What's Concatenate_And_Align.py?

In order to perform phylogenomic analysis with the results from GOOSOS, I created this helper script (Concatenate_And_Align.py) which concatenates sequences from each genome into a larger concatenated alignment of all your hits. I usually use this for ribosomal phylogenies, but in theory it could be extended to any set of HMMs.

Crucially, it also creates a partition file (partitions.nex). This is necessary if you want to use, say, edge-linked or edge-unlinked partition models in your phylogenomic analysis (e.g. in IQ-TREE), or if you want to do concordance analysis. This is a file which essentially tells your phylogenomic tree estimation software where each of your ribosomal proteins start and end; since these genes don't evolve at the exact same rate, it doesn't make sense to estimate one set of parameters and apply those parameters to your entire alignment!
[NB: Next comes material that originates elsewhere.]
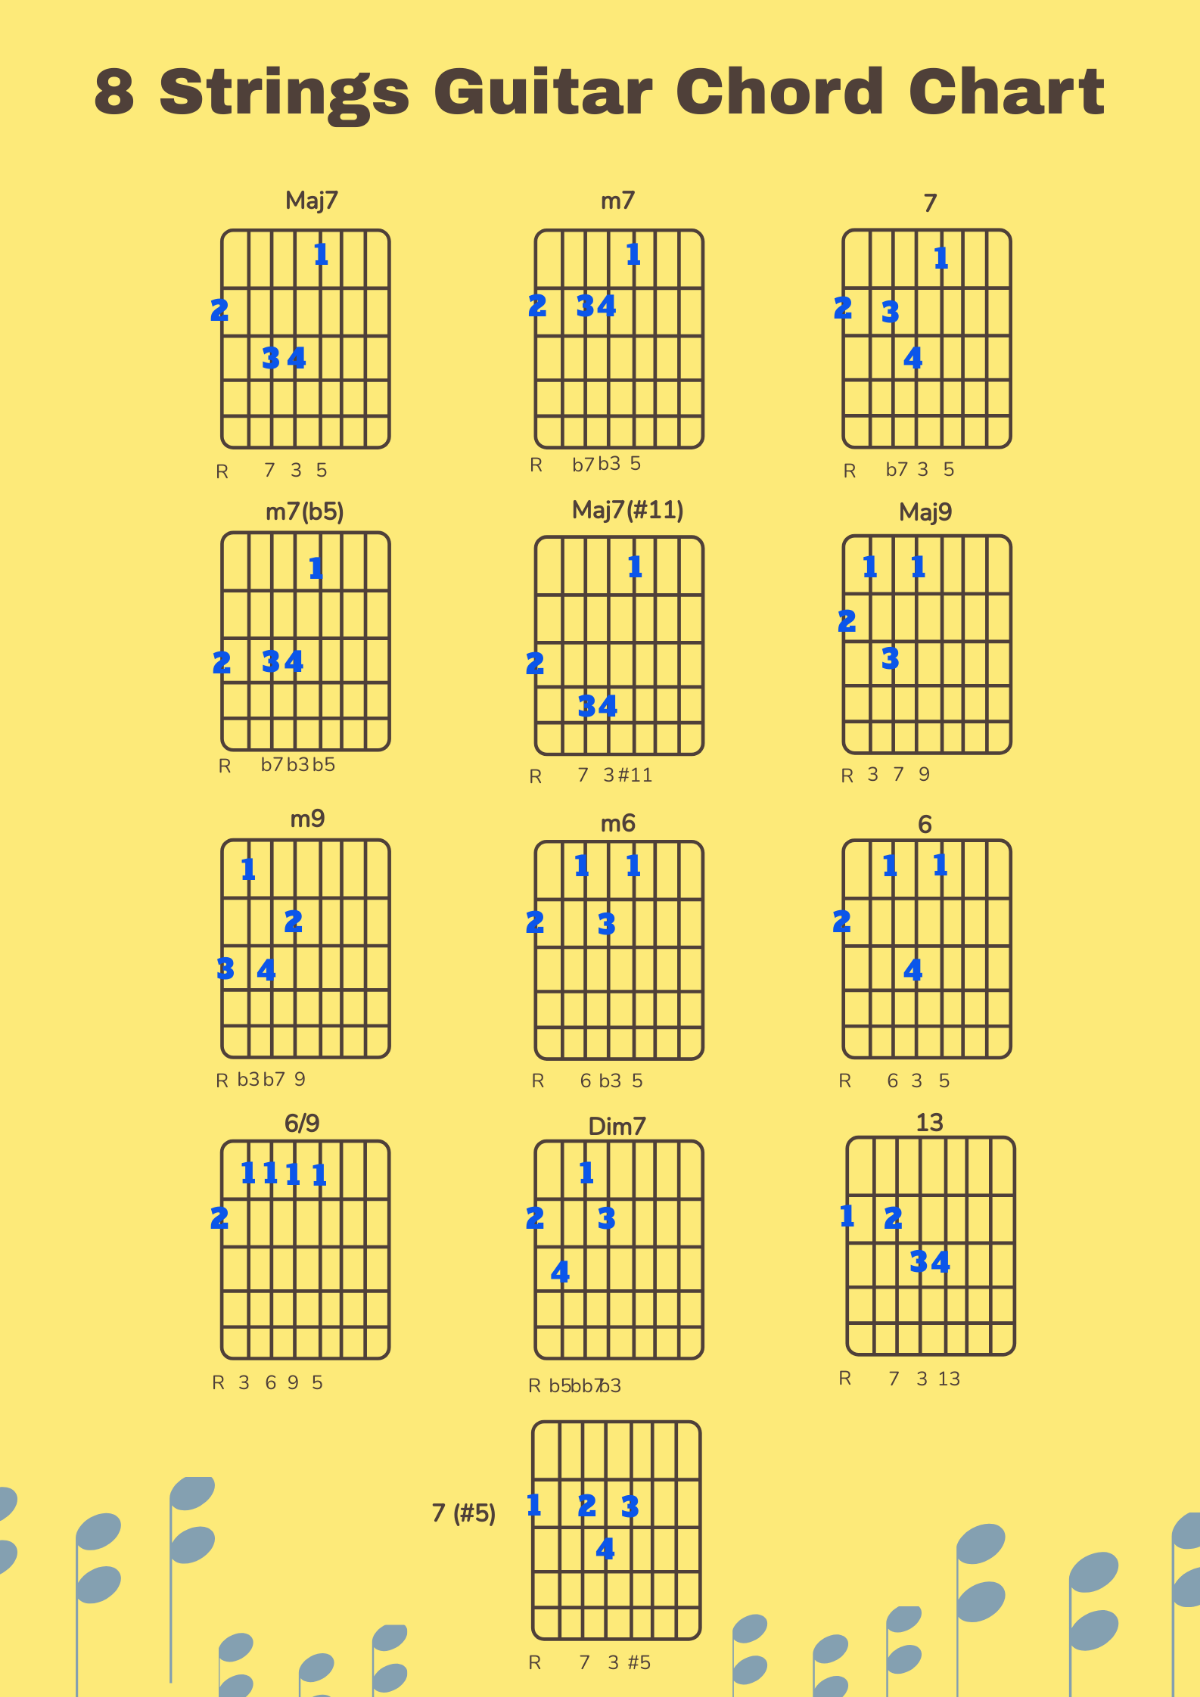 8 Strings Guitar Chord Chart Template

Concordance analysis is especially cool, but this isn't the place to teach people about that. Take a look at the IQ-TREE documentation that talks about it: http://www.iqtree.org/doc/Concordance-Factor

Options for this script and an example command:

-outdir : The same output directory you specified when running GOOSOS.py. Concatenate_And_Align.py uses the hitstable located in this directory, as well as the fastas located in outdir/fastas.

-aln_name : The desired name of your output alignment.
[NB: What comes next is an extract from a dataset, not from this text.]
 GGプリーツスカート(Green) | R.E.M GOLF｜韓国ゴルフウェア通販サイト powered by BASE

-hits_threshold : A fraction between 0 and 1 delineating what portion of the genes in your alignment can be missing from a particular genome before that genome is excluded from the final alignment.

-exclude : Want to leave out a gene from your concatenated alignment? Specify its name here (the name of the relevant HMM). Comma-separated, please.
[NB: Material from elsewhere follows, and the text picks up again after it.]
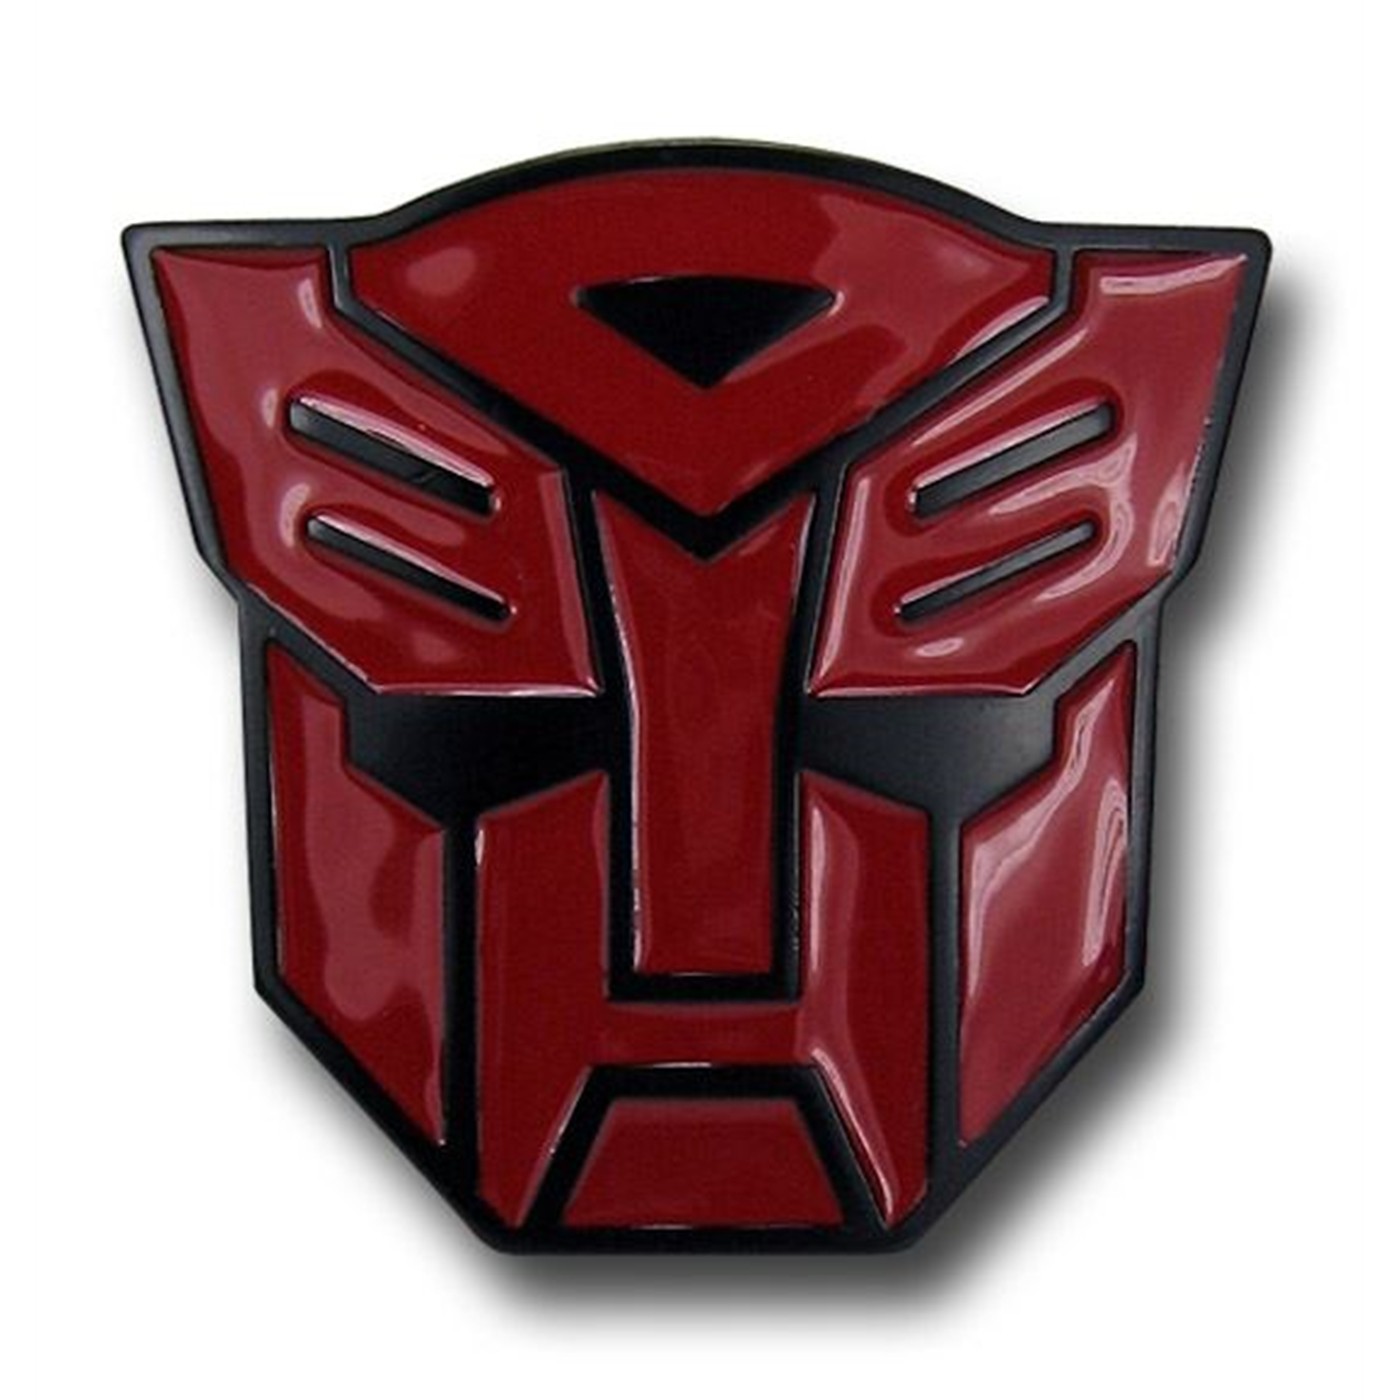 Transformers Autobot Red Symbol Belt Buckle

-aln_concat : Doesn't perform the filtering step (i.e., -hits_threshold is irrelevant)

-just_concat : You already have alignments (outdir/alignments/) and you just want to concatenate them. Doesn't filter.

-inaccurate : Uses less accurate parameters for MAFFT to speed up alignments.

-threads : Number of threads to use.

What are the dependencies?

Well, python obviously. I recommend using pip to install all this (which can be itself used through Anaconda/Miniconda).

The packages you will need to install (using a variant of the command 'pip install [PACKAGE]') are:

• pathos (Enables multithreading)
• Biopython
• Pandas
• Argparse
• Mafft (If you want to align sequences)

Everything else should come standard with your install of python.

Wow! Cool! I want to use this in my paper!

Sick yo, but please cite this repository. I'll be putting the GPL license on it in a little bit once I actually get the thing running.